The main contributions of our work are threefold: 1) we propose the first terrain authoring pipeline driven by real world examples based on Deep Learning, 2) we present an automatic sketches generation process to build learning datasets, and finally, 3) we show that our approach can be used to learn complex natural processes,such as hydraulic erosion. We evaluated our approach by providing a large variation of landscape types (alpine mountain, volcanic island, canyon) and we also conducted a qualitative user study that confirms the ease of use of our technique.

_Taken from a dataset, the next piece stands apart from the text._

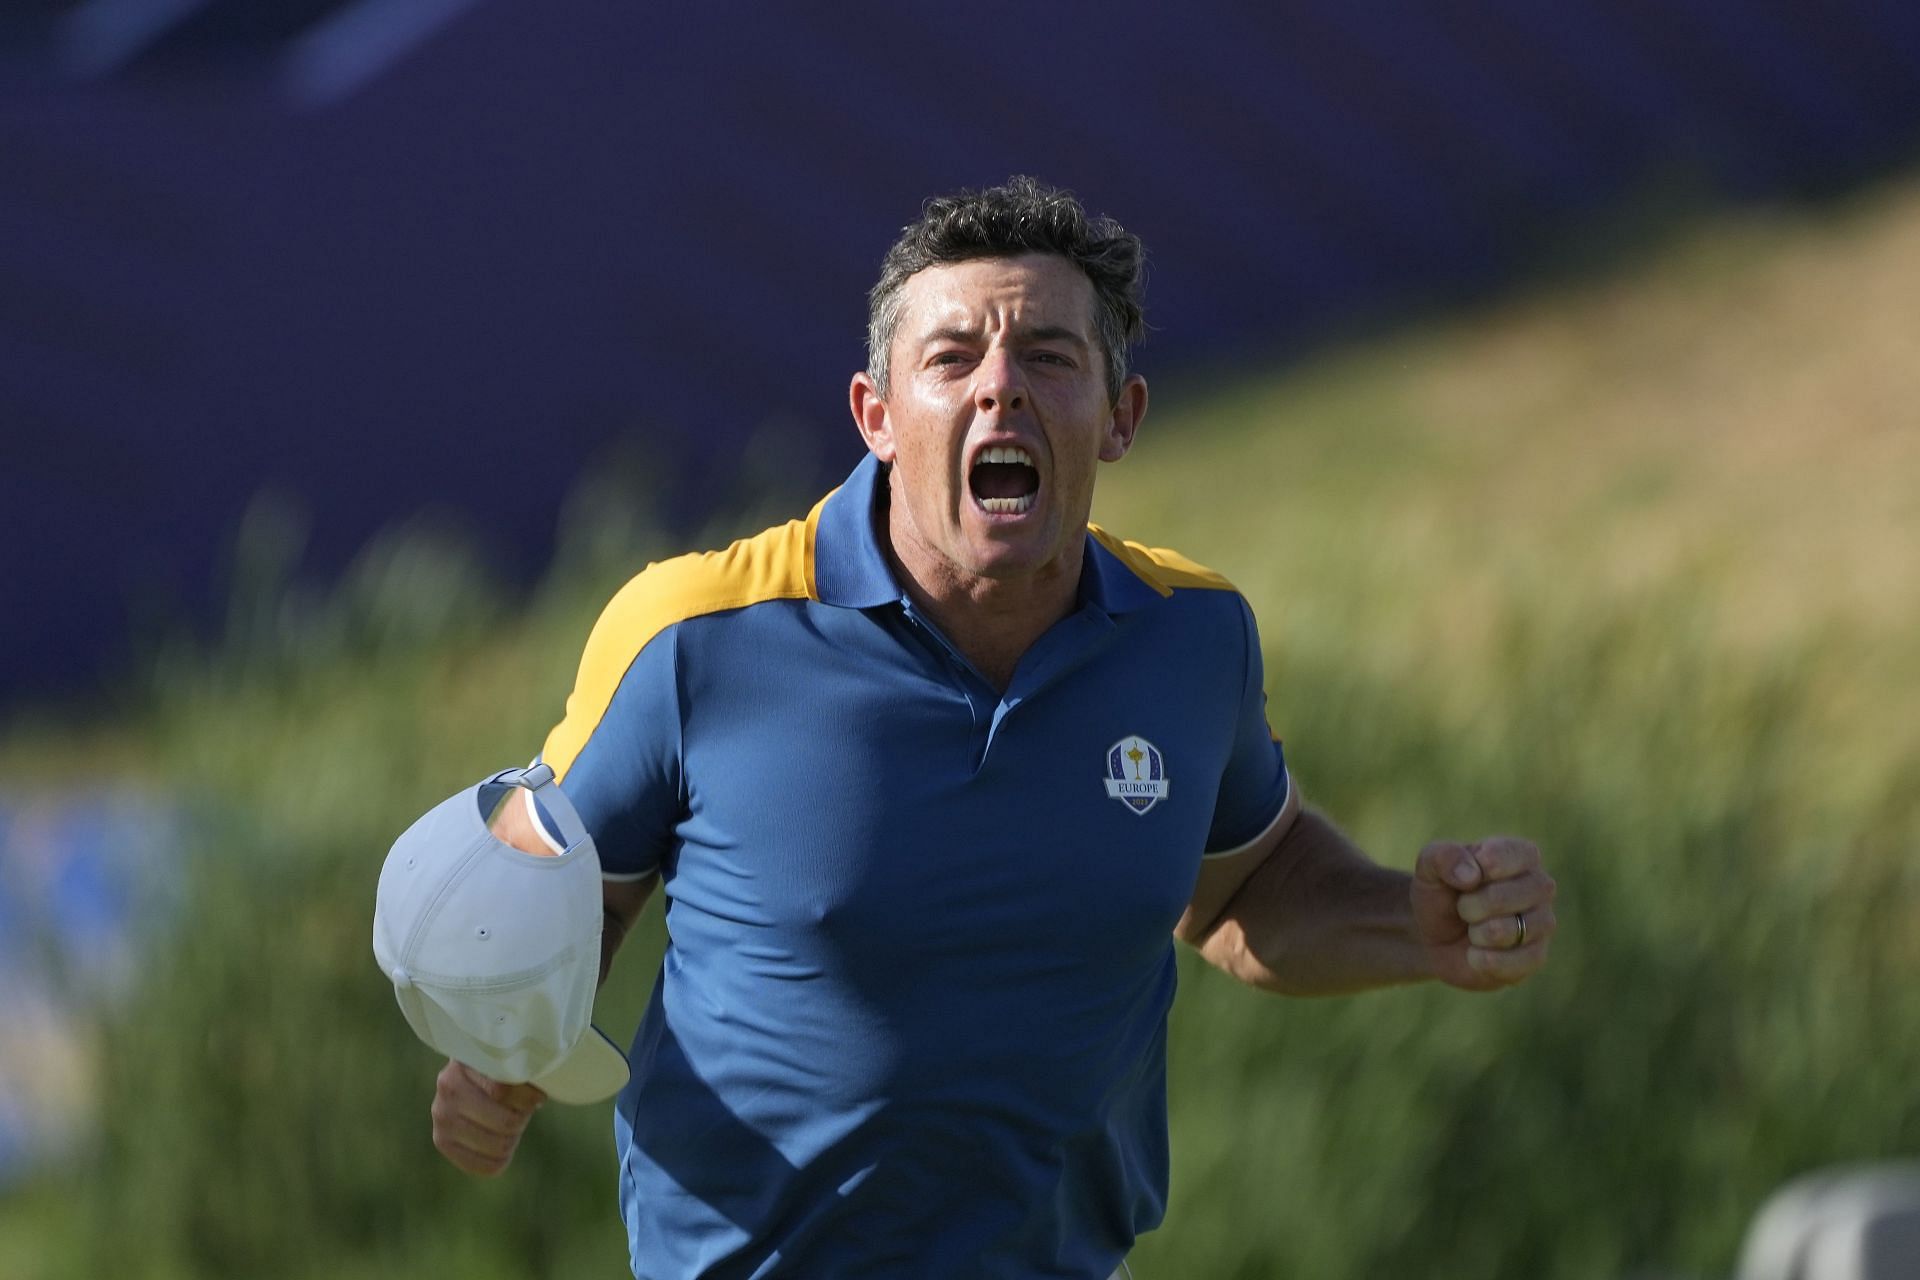 Rory McIlroy went 4-1 at the Ryder Cup

我们工作的主要贡献有三个方面:1)我们提出了第一个基于深度学习的真实世界示例驱动的地形创作管道;2)我们提出了一个自动生成草图的过程来构建学习数据集;最后,3)我们展示了我们的方法可以用于学习复杂的自然过程,例如水力侵蚀。我们通过提供大量不同的景观类型(高山、火山岛、峡谷)来评估我们的方法,我们还进行了定性用户研究,证实了我们的技术的易用性。
Terrain modeling has been a focus of computer graphics for a long time and the existing body of work can be classified into procedural, simulation-based, and example-based techniques. We refer the reader to [Natali et al. 2013] for an overview of terrain modeling representations and to [Smelik et al. 2014] for a survey of procedural terrain modeling. We also briefly review Machine Learning algorithms and especially Deep Learning algorithms.
地形建模长期以来一直是计算机图形学的研究重点,现有的工作可分为程序化、基于仿真和基于实例的技术。我们请读者参考[Natali et al.2013]了解地形建模表示的概述,并参考[Smelik et al.2014]了解程序地形建模的概况。我们还简要回顾了机器学习算法,尤其是深度学习算法。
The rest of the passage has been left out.